# Campground Reservations?



## zigzagrv (Aug 12, 2004)

Next year, we're taking a trip around the US. We will be gone about 5 weeks and will be visiting most of the major National Parks in the western US as well as some of the lesser ones. We did this trip in 1980 and never needed a reservation at a campground. We usually stayed at KOA's, because they were easy to find with the help of AAA. We have no timetable or deadlines, only places to visit. I realize places like Grand Canyon, Yosemite, Yellowstone, etc. will be tough to get into without reservations.  
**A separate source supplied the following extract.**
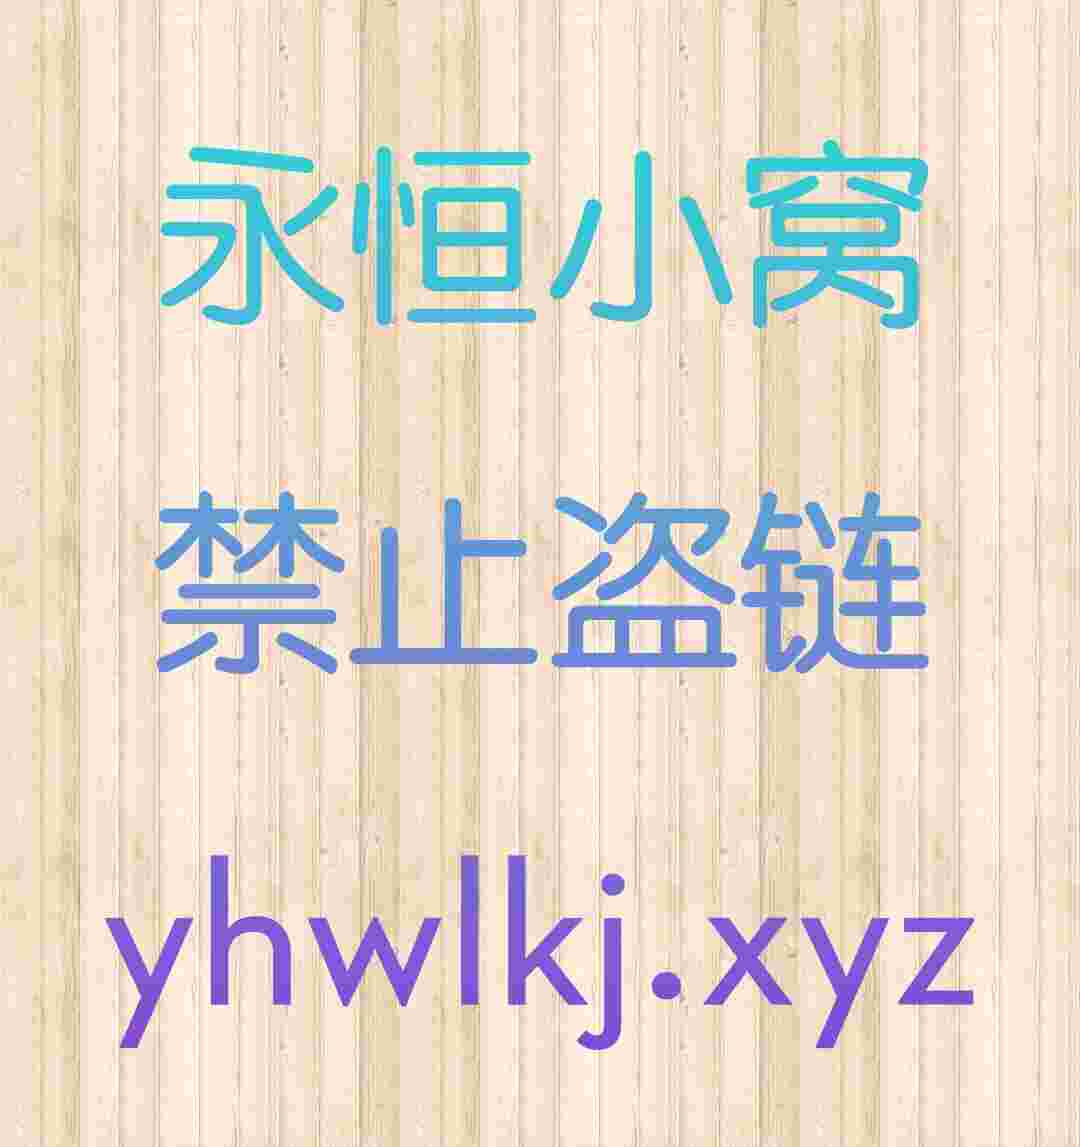 Screenshot_20210224_201234_org.mozilla.firefox_edit_40486439789133.jpg

What I would like to know from some of the more prolific travelers is can this be done without making reservations at campgrounds weeks or months in advance? We will be calling ahead when we know where we will be on a certain date, but this will probably be only a few days in advance. We will be looking for good, clean campgrounds, and a place to relax/sightsee for a day or two before we move on.

Ron


----------



## janicenlarry (Aug 13, 2004)

Campground Reservations?

In 4 yrs of full timeing, I can count on one hand the number of times we did advance reservations.  Suggest you get a copy of Trailer Life campground guide.  It lists & rates thousands of RV parks both private and public.  Also suggest you join Passport America for 1/2 price camping for a small annual fee.  I stayed once in a KOA and found them to be far too expensive with many amenities we dont need and with too many kids running around.
Take it low and slow and stay off of interstates when possible to really see and enjoy the country.  Have a great time!


----------



## ARCHER (Aug 18, 2004)

Campground Reservations?

We use the Trailer LIfe guide and find a place we think we would like and call while on the road to check for openings.  Has worked for last two years.  Wife is navigator so she plots the location while I drive...


----------



## DDD (Aug 18, 2004)

Campground Reservations?

Walmart is nice


----------



## Babsofhouston (Aug 18, 2004)

Campground Reservations?

 I have seen RV's parked in Walmart parking lots, is this something that they allow or do you just show up and park?  

Babs


----------



## ARCHER (Aug 19, 2004)

Campground Reservations?

Some have signs that says "No Overnight Parking".  Some don't.  Just go  in a ask the store mgr what they allow and do not allow.  Welcome to the forum.
I've parked at Wal-Mart but went in and cleared it with Store Mgr.  Never had a problem.  :laugh:


----------



## JimFischer (Feb 2, 2005)

Campground Reservations?

We are planning a very similar trip this summer.  My plan is to have a few reservations made at key stops (Grand Canyon,Yellowstone) at certain dates, allowing enough time in between to have some leeway for staying longer in places we are particularly enjoying, but then to just find campgrounds along the way at other places.  We'll have all our resources handy to contact campgrounds in the area as we figure out our next stop, or just take our chances when we get there.  Woodall's is another good resource for campgrounds (www.woodalls.com).  I have also bought some books like "Frommers Guide to the National Parks of The West" that are very helpful and informative.  I'm finding that planning the trip is a great way to pass the long winters in upstate NY.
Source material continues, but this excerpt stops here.